These speeches that kill | The Press

What is going on in the head of a young white man who, on a beautiful Saturday afternoon, draws his gun in a grocery store in a popular neighborhood of Buffalo frequented mainly by blacks and kills 10 people?

Posted at 7:00 a.m.

While we still mourn the innocent victims of the terrible racist attack in Buffalo, the reassuring response is to say that it is an “isolated act”, committed by a “crazy” supremacist and that we are safe from this type of violent extremism on this side of the border.

The attack on the great mosque of Quebec showed us in a cruel way that we are unfortunately safe from nothing.

Like the Christchurch bomber who denounced so-called ‘white genocide’, the alleged Buffalo bomber posted a hate-filled manifesto online ‘cut and pasted’ watering the racist theory of the “great replacement”. According to this far-right conspiracy theory with very old roots and multiple hateful variations, there is a secret plan of the multicultural elites so that white people are “replaced” by people from minorities. Hence the importance for supremacist heroes to defend themselves against these “foreign bodies” which risk annihilating them.

“It’s the idea that inspires the most mass killings in white supremacist circles right now,” the New York Times Heidi Beirich, co-founder of the Global Project Against Hate and Extremism at the University of Michigan1.

What is particularly worrying is that this killing theory, once associated with the most radical fringes of the extreme right, is more than ever normalized by right-wing media and politicians who exploit the fears of the population in front of the demographic changes and the arrival of migrants, as my colleague Richard Hétu observed on Monday2.

The “great replacement” theory, repopularized in France by the author Renaud Camus in the early 2010s, is no longer only promoted in the dark shadows of the web, but also by mainstream media.

This is probably not unrelated to the fact that one in three Americans today believe that a Machiavellian plan is being deployed “to replace native-born Americans with immigrants in order to obtain electoral gains”, as the reports a recent Associated Press poll3. Unsurprisingly, viewers loyal to right-wing outlets like Fox News are more likely to believe the “great replacement” theory than those who tune in to a channel like CNN.

On this side of the border, the adhesion to this deadly theory without any foundation is also very worrying. One in five Canadians believe in the “great replacement”, according to a survey by the UNESCO Chair in the Prevention of Radicalization and Violent Extremism conducted in June 2021.

The exact statement of the poll was as follows: “Immigration is deliberately organized by our political, intellectual and media elites to ultimately lead to the replacement of the Canadian population by an immigrant population”. If 21% of Canadians believe that such a thing is true, support is a little lower in Quebec, at 15%, which is no less alarming.

“These theories are gaining public space.

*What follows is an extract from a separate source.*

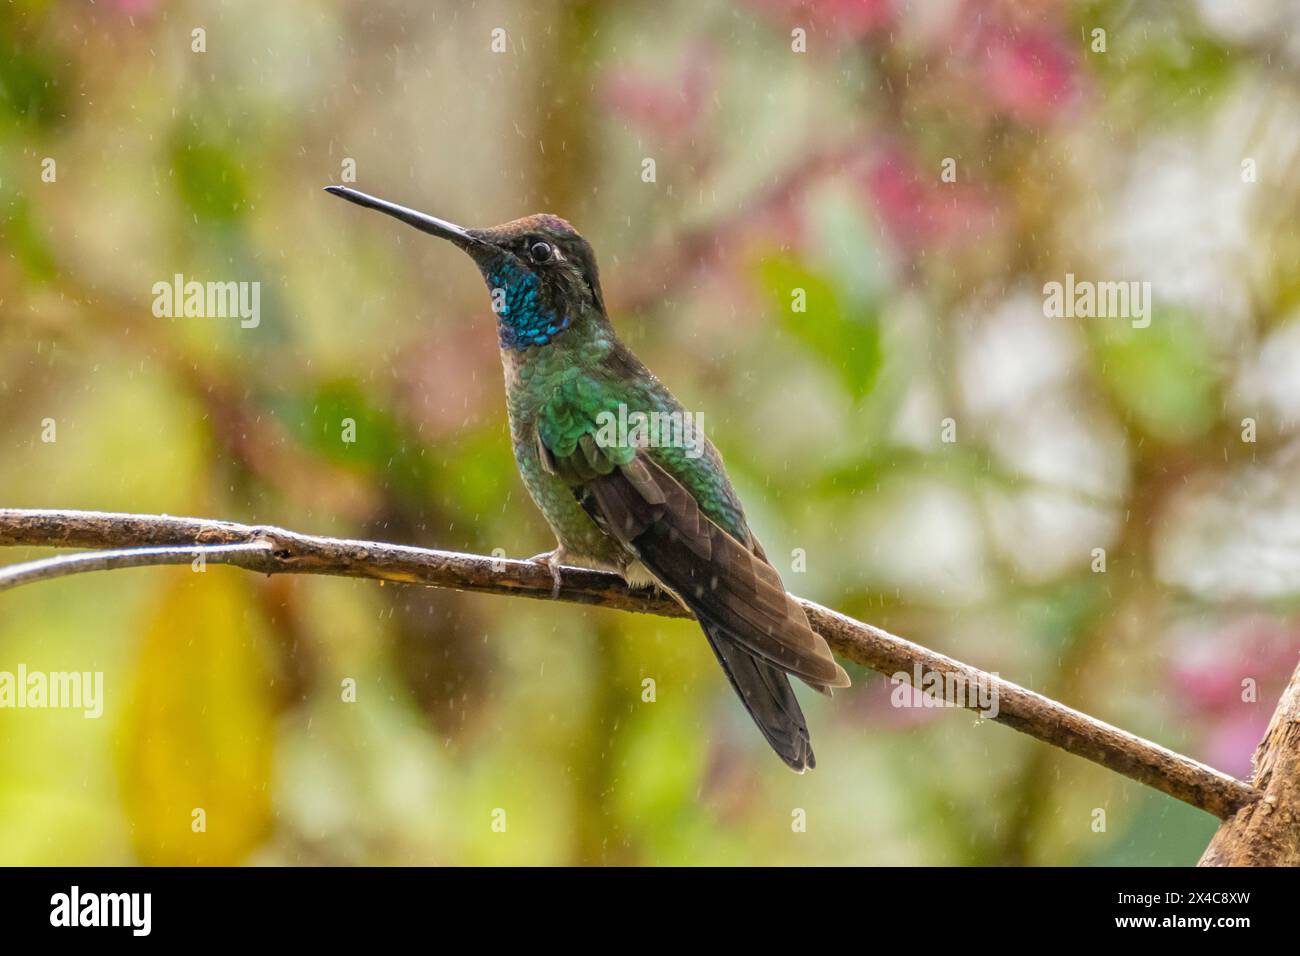 Costa Rica, Cordillera de Talamanca. Talamanca hummingbird in rain. Stock Photo
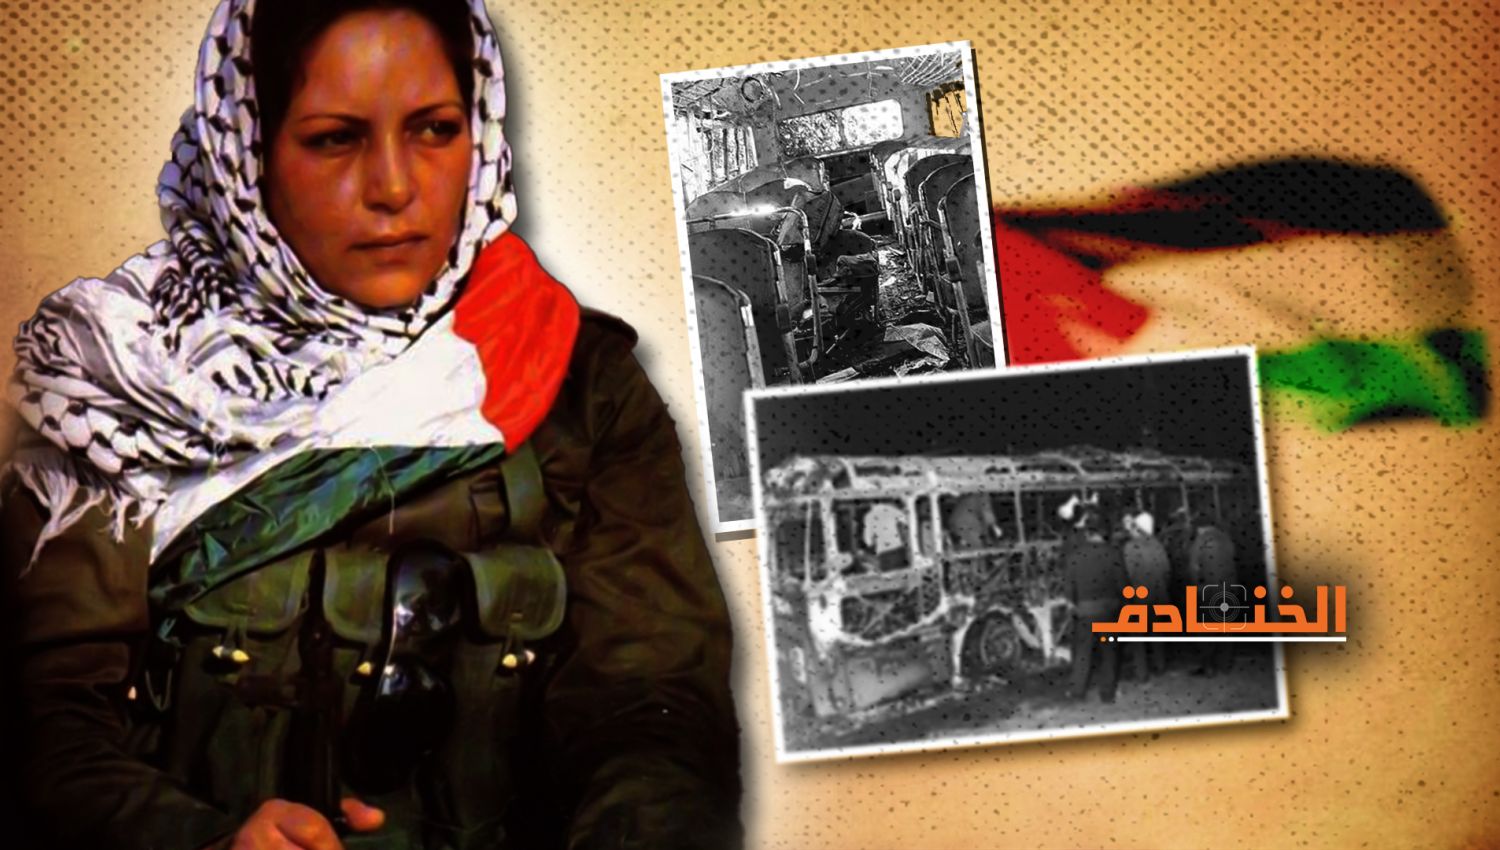 الشهيدة دلال المغربي ومجموعتها: اختطاف باص الاحتلال في "تل أبيب"!

Even when we remove the conspiratorial dimension of the theory – the fact that it is “organized” – the idea that white populations are being replaced by immigrant populations and losing their values, their identity, is very popular and well established,” observes David Morin, professor at the University of Sherbrooke and holder of the UNESCO Chair in the prevention of violent radicalization and extremism.

We saw this in particular during the presidential campaign in France with Éric Zemmour, who campaigned by raising the specter of the “great replacement”, and Marine Le Pen, who spoke of “migratory submersion”. We also see it in Quebec with Éric Duhaime and his concept of “civilizational compatibility”.

It is not forbidden to discuss immigration and demographics. But this fundamentally racist way of constructing the story poses a problem, underlines David Morin.

There is a trivialization of this racist discourse in the public space when we act as if everything that is not white is a foreign body to the nation.

David Morin, professor at the University of Sherbrooke and holder of the UNESCO Chair in the Prevention of Radicalization and Violent Extremism

We are on the wrong track by dissociating the passage to violent action from the polarizing discourse that underlies it. The two are connected. We cannot dispense with a reflection on this subject by telling ourselves that it is just “an opinion” like any other and by denying that it is the symbolic violence of a discourse that ends up justifying physical violence.

As the director of the Canadian Security Intelligence Service (CSIS) recently pointed out, we are currently witnessing a rise in violent extremism of an ideological nature in the country. Taken together, the pandemic, the growing influence of social media and the spread of conspiracy theories have created a perfect cocktail for extremists and an environment “likely to encourage the perpetration of acts of violence”. The threat is notably fueled by racist and anti-authority extremist opinions4.

The threat posed by the far right is just as great as that posed by jihadism. The difference ? “The extreme right in the broad sense has a capacity to destabilize our Western societies greater than that of jihadism, believes David Morin. Why ? Because she walks beside people who can take power. Historically, it is majorities that bring down democracies. Not the minorities. »

In short, these far-right speeches that kill should worry us much more than Wokism, which has never killed anyone.